Потом вдруг, сделавшись предприимчивым, взял ее под руку и обнял за плечо. Таня не сопротивлялась, наоборот, она поддавалась этому и ждала, желала других, более решительных действий, потому что, вне угнетающего и унижающего это статное тело духа, она всегда невольно тянулась к нему, ждала, любила его горячее сухое прикосновение, но, на горе себе, Олег быстро протрезвел и ближе к даче опять вернулся в свою подневольную настороженно-принужденно-обиженную роль. «Как скучно, — подумала Таня, — опять эта надорванная интеллигентщина, и нет сил ему даже пьяному забыться, перестать умничать и бояться всего на свете…» Но больше того, на свое несчастье, Олег, окончательно теряя чувство реальности, теперь плакал; пошатываясь, спотыкаясь, роняя слезы, театрально сопел от жалости к самому себе. «Как мне физически, кожно омерзительны плачущие мужчины», — напишет потом Таня в своем дневнике.
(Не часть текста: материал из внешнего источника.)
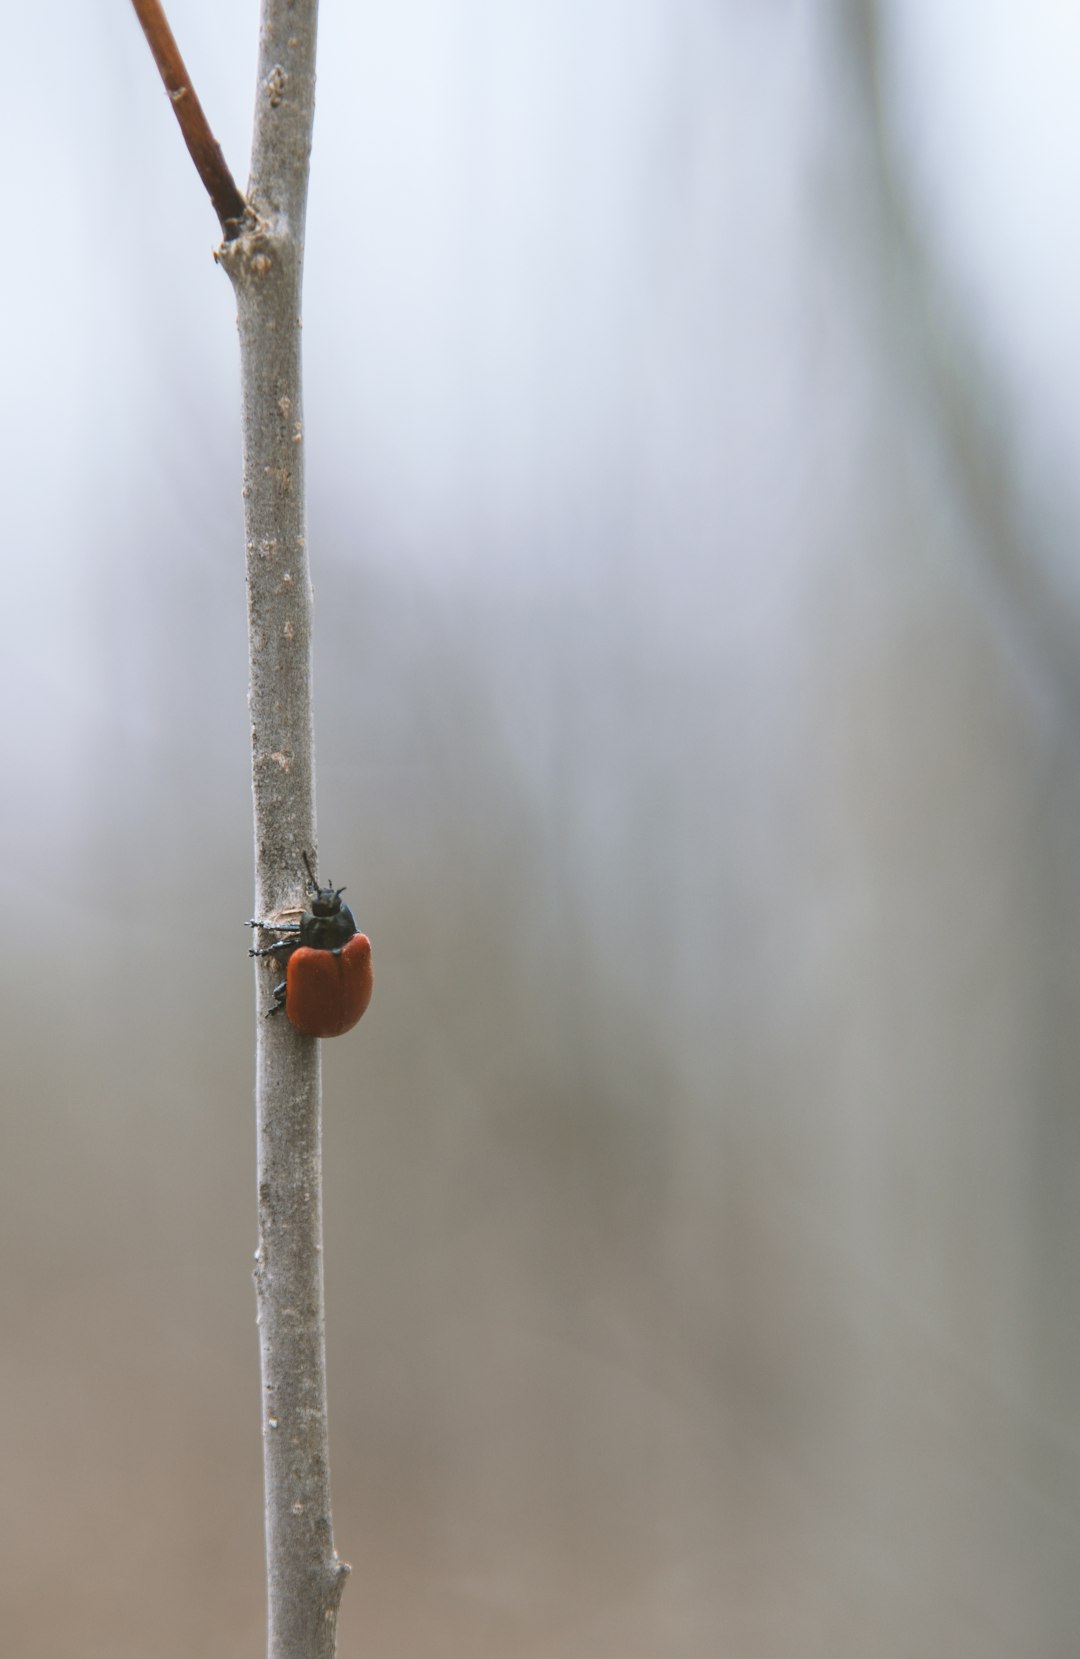 red ladybug perched on gray stick in shallow focus lens

Страх и детская нерешимость терзали его, ибо пути оставалось недолго, и мгновенная пьяная близость их все убывала, и вот вплотную у решетки сада Олег сорвался, лбом упершись в холодный переплет проволоки, тупо, по-гимназически наивно потребовал решительного объяснения: «Нет, ты скажи сейчас, раз навсегда: любишь ли меня или никого не любишь и никогда не полюбишь?»
IV
Comment se fait-il que le public du monde n'ait pas encore crié: «Au rideau!», n'ait pas demandé l'acte suivant avec d'autres êtres que l'homme, d'autres formes, d'autres fêtes.
G de Maupassant[10]
«Нет, — сказала Таня, вдруг высвободившись и набравшись храбрости, — я тебя не люблю, не люблю и не полюблю никогда, ты мне нравишься, ты меня притягиваешь и интересуешь, как взрослый человек, но я тебя не люблю», — сказала и понравилась себе, говоря это. Та дальняя, холодная, взрослая нота, одетая в снег под белой лампой, прошла, и она вместе с вином и темнотой, с этим бессмысленным и отбившимся от жизни и себя не понимающим телом полетела в противоположную крайность. В ушах у нее гудело, казалось, что горячий, дикий ветер свободы и пустыни дышит над древним лесом, где ее участь, как участь древних священных сатиров, до утра, до расплаты, полна нездешнего одиночества, жестокости земли и греха.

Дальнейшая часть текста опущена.